Dinner in the Palace

In the first light of day four, the activists dismantled the Climate Defenders Camp. The rafts were towed back and Rainbow Warrior lifted her anchor, in Guimaras strait, and moved to the general anchorage of Iloilo. Meanwhile, in the town, 20 sacks of coal were dumped in front of Metrobank.  Metrobank is the promoter of the proposed Iloilo City coal-fired power plant and today we asked them to invest in cleaner and safer renewable energy solutions, instead of coal. The mayor of Iloilo does not like us here and has declared to investigate the legality of our international crew protesting on shore in the Philippines, but the Arch Bishop loves us and invited us all to dinner at his palace.

Monkeys Wedding

Mum always called it a ‘monkeys wedding’ when the rain fell down and the sun shone at the same time. Today there was one, and whilst it rained and shone I counted one hundred people walking in a line along the shore, towards the Climate Defenders Camp. There were men, women and children and they carried, in outstretched arms, plates of food. The procession looked so peaceful. But then it changed. As they passed the windsocks – that we’d erected in the morning (a symbol of the renewable alternative) – they tore them down. When they came to our banner ‘QUIT COAL’ they tore that down too. This was no picnic, no marriage of like minds. Our camp grew a crowd of chanting “yes to coal, yes to coal”. These where the workers of Panay Power Company and they’d been paid five-hundred pesos each to intimidate us. The police rushed in and stood by to watch. The protest protesters erected a fence of bamboo poles around the camp and then covered it with tarpaulins. They tried to hide our tower, block us out – but the climbers climbed higher.

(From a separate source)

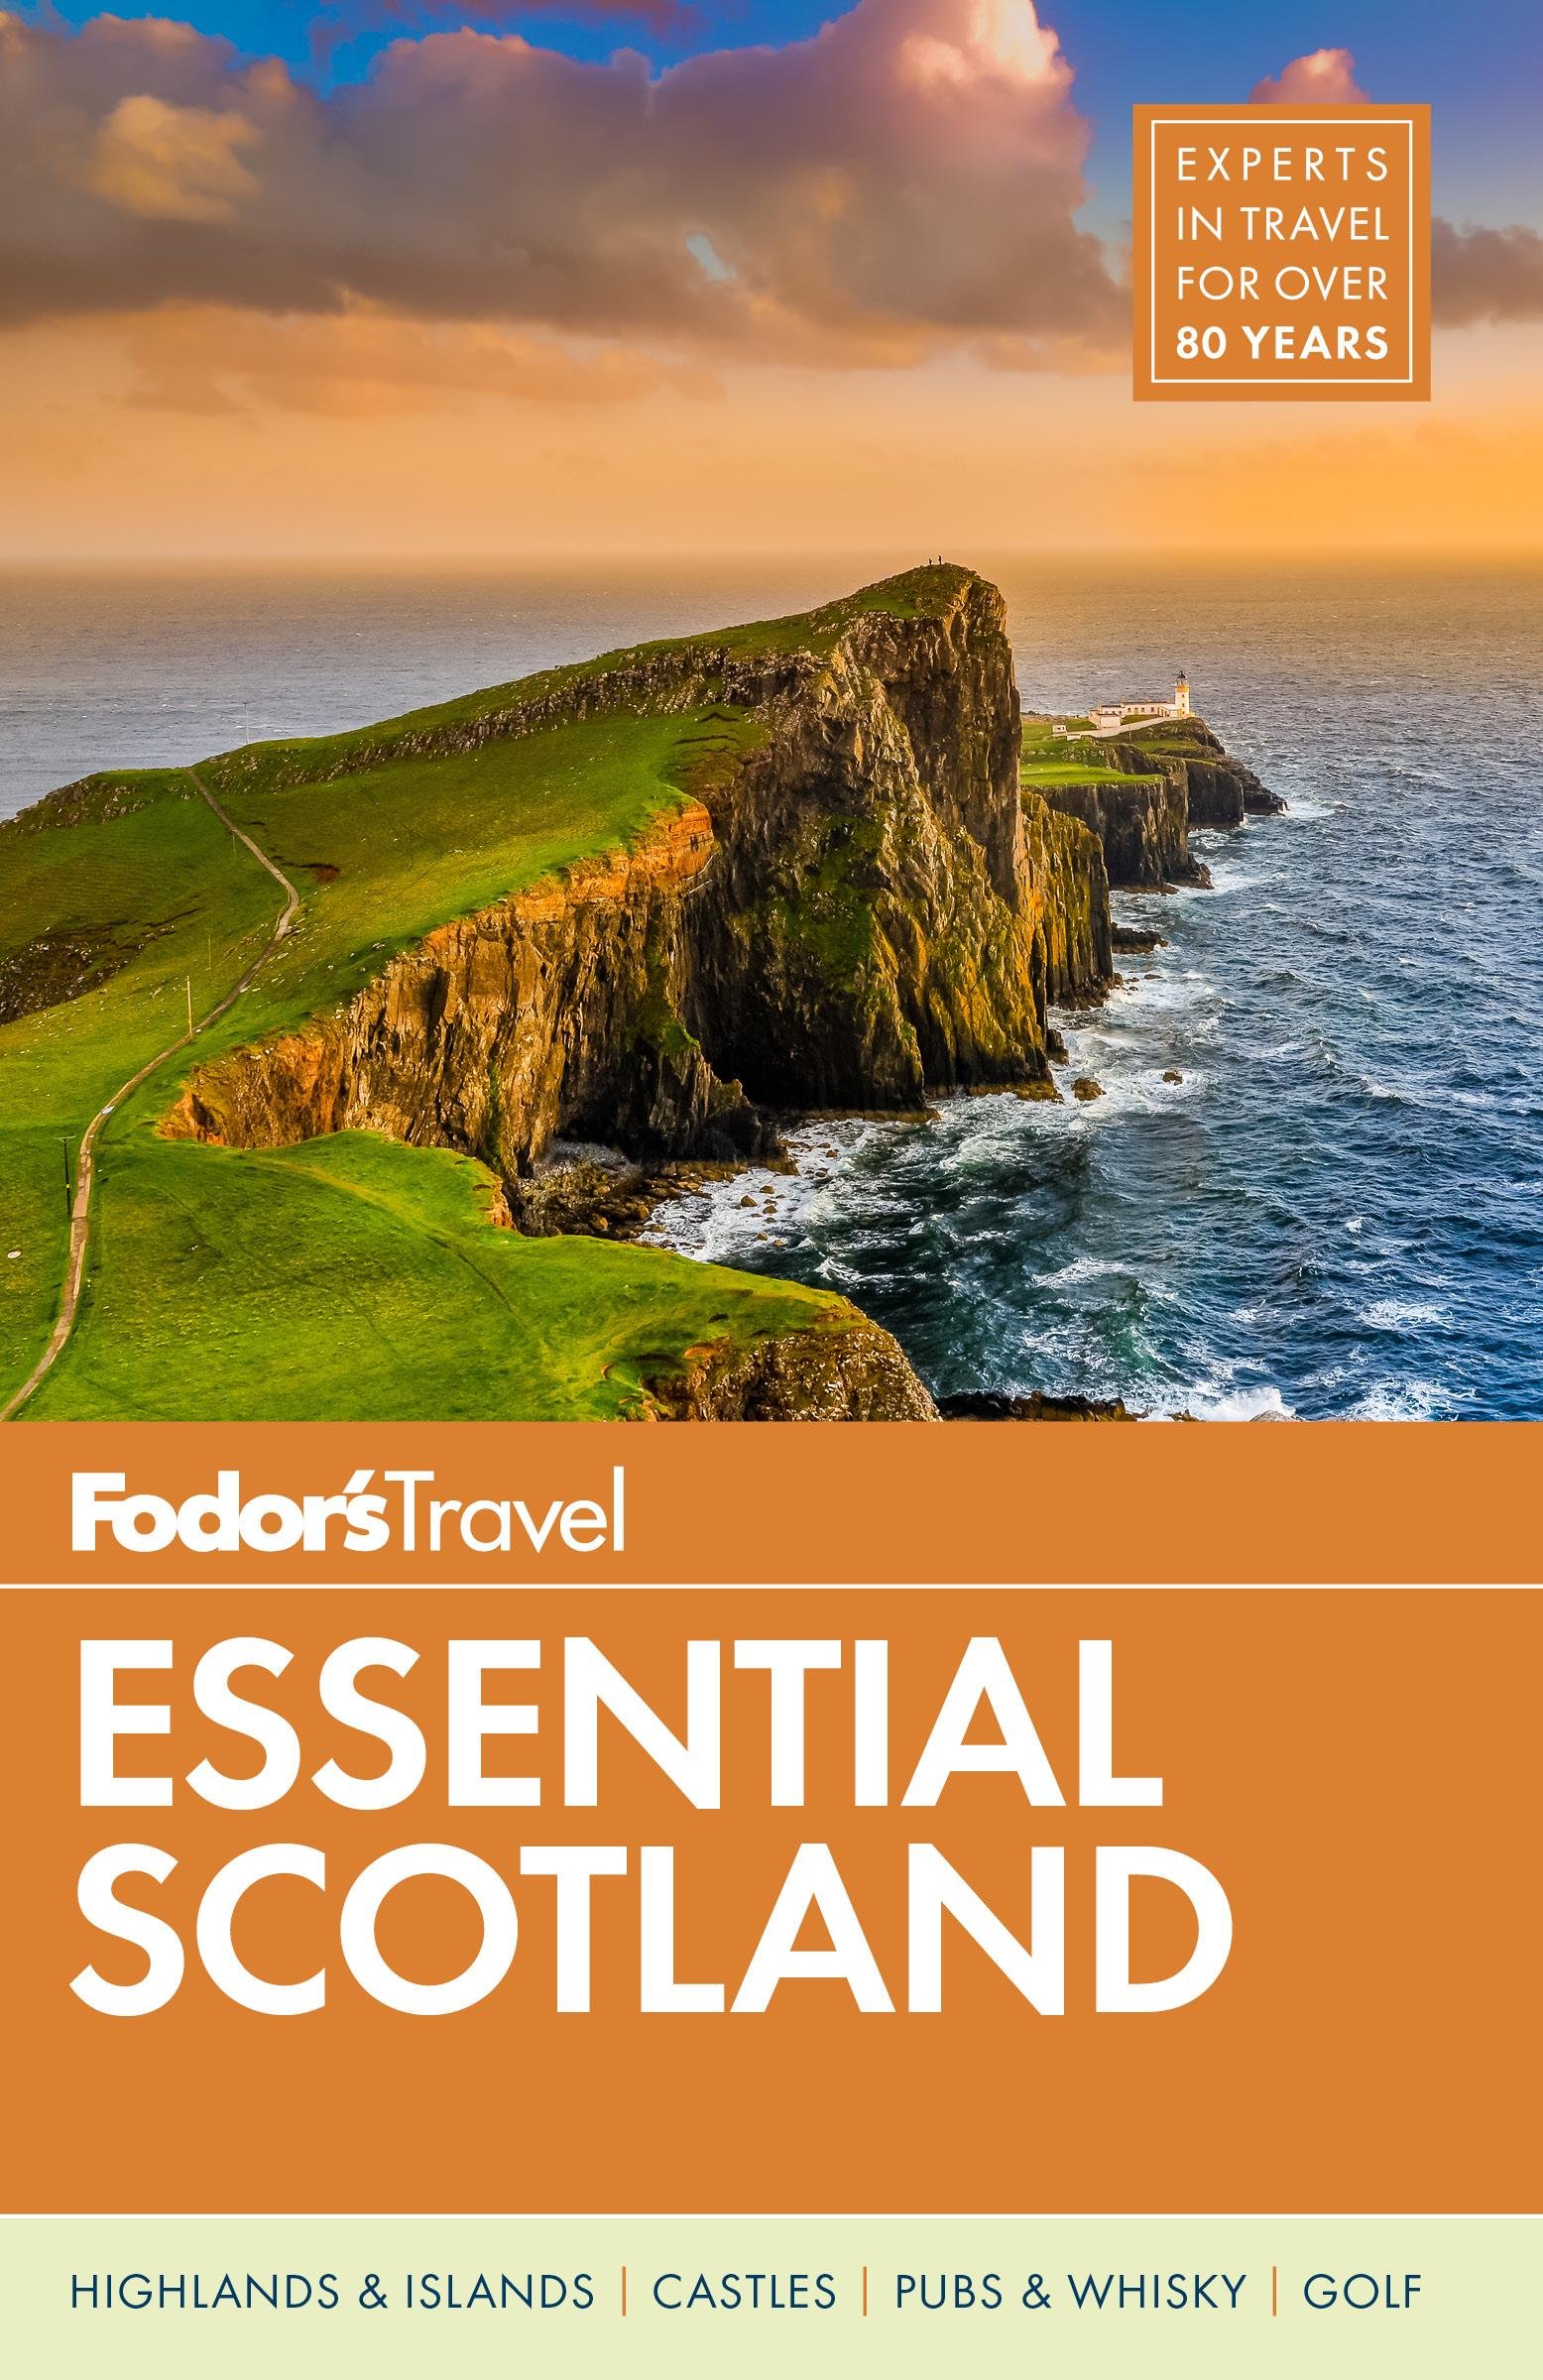 fodor's scotland travel guide

We kept our position on day three to tell the world that Carbon dioxide (CO2) from coal-fired power plants is the main driver of climate change, representing a major portion of the world’s greenhouse gas emissions.  Globally, coal accounts for 72% of carbon dioxide emissions from the power sector.  In the Philippines eight coal-fired power plants, with a total capacity of 4,177 MW, or about 26.1% of the country’s installed capacity, currently account for as much as 36% of the emissions from the energy sector.  However, nine more coal-fired plants are up for construction or expansion – one of them right were we are camped.